Сергеев встречал его на парковке у северного входа в «Дружбу». Антон Юрьевич много говорил, погружая Александра Васильевича во все нюансы паркового хозяйства, на что-то сетуя, на кого-то жалуясь, чем-то хвастаясь, – в общем вёл профилактическую обработку начальства в нужном направлении, не забывая при этом, ради чего тот сюда приехал.
– Я думаю, сразу пойдём красоту нашу смотреть, – предложил он. – Ох, и здорово получилось, Александр Васильевич, не бахвалюсь, сами увидите. Предлагаю сначала сверху глянуть, потом вниз спустимся.
Вид на окрестности со смотровой площадки, на которую привёл Сергеев, действительно, впечатлял: справа внизу – горки аквапарка с визжащей ребятнёй, левее – родник с муравейником людей, копошащихся в небольшой открытой купальне, сверху – купола Сурб-Хача, и длинная жёлто-белая лестница, разрезая холм, сползает вниз на набережную Темерника, замирая напротив мостика, что ведёт на остров. А на самом острове, крайне удачно вписанная в ландшафт, развернутая лицом к набережной и невесомая в своей ажурности металлоконструкций, блестит на солнце серебристым алюминием сцена.
– Красиво? – хитро улыбаясь, спросил Сергеев.
– Очень красиво, молодец Антон Юрьевич, – ему действительно понравилось.
– Ну так! – с ещё больше заплясавшей хитринкой на лице, развёл Сергеев руками: – Кто проектировал-то!
И они оба понимающе рассмеялись.
Внизу Сергеев водил его по набережной, хвастая новыми лавочками, выкрашенным парапетом и особой своей гордостью – обновлённым мостиком.
– Нет, вы посмотрите, Александр Васильевич, на этот мостик! Это же любо-дорого теперь стоять на нём. К нему же лет пятьдесят не притрагивался никто, там внутри проржавело всё давно. И, самое главное, Александр Васильевич! – возбуждённо рассказывал Сергеев. – Ни копейки муниципальных денег не потрачено! Зато фирмачей крутанул по полной программе. Но дело-то хорошее мы провернули к вашему приезду.
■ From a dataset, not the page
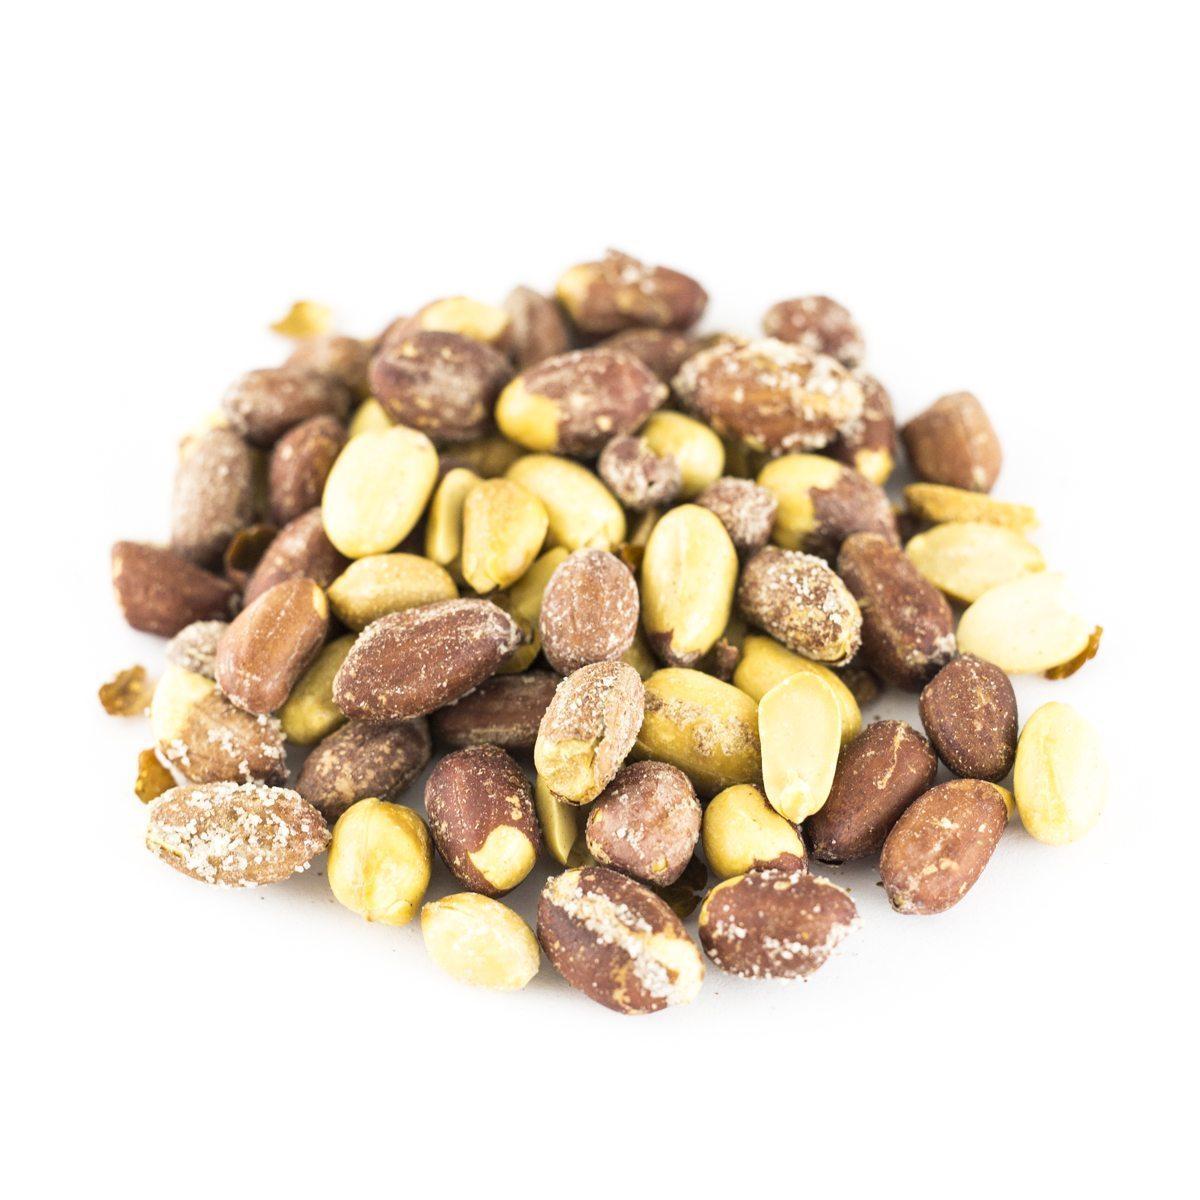 Kikiriki pečeni slani (100g)

– Да уж, хорошее, Антон Юрьевич, – покряхтел Александр Васильевич, которому теперь предстояло ближайшие пару лет возвращать «К-Ванту» из личного кармана «по полной программе». – Барин, приехал… с голой жопой… – вполголоса пробормотал он.
– Извините, Александр Васильевич, не понял? – не расслышав, переспросил Сергеев.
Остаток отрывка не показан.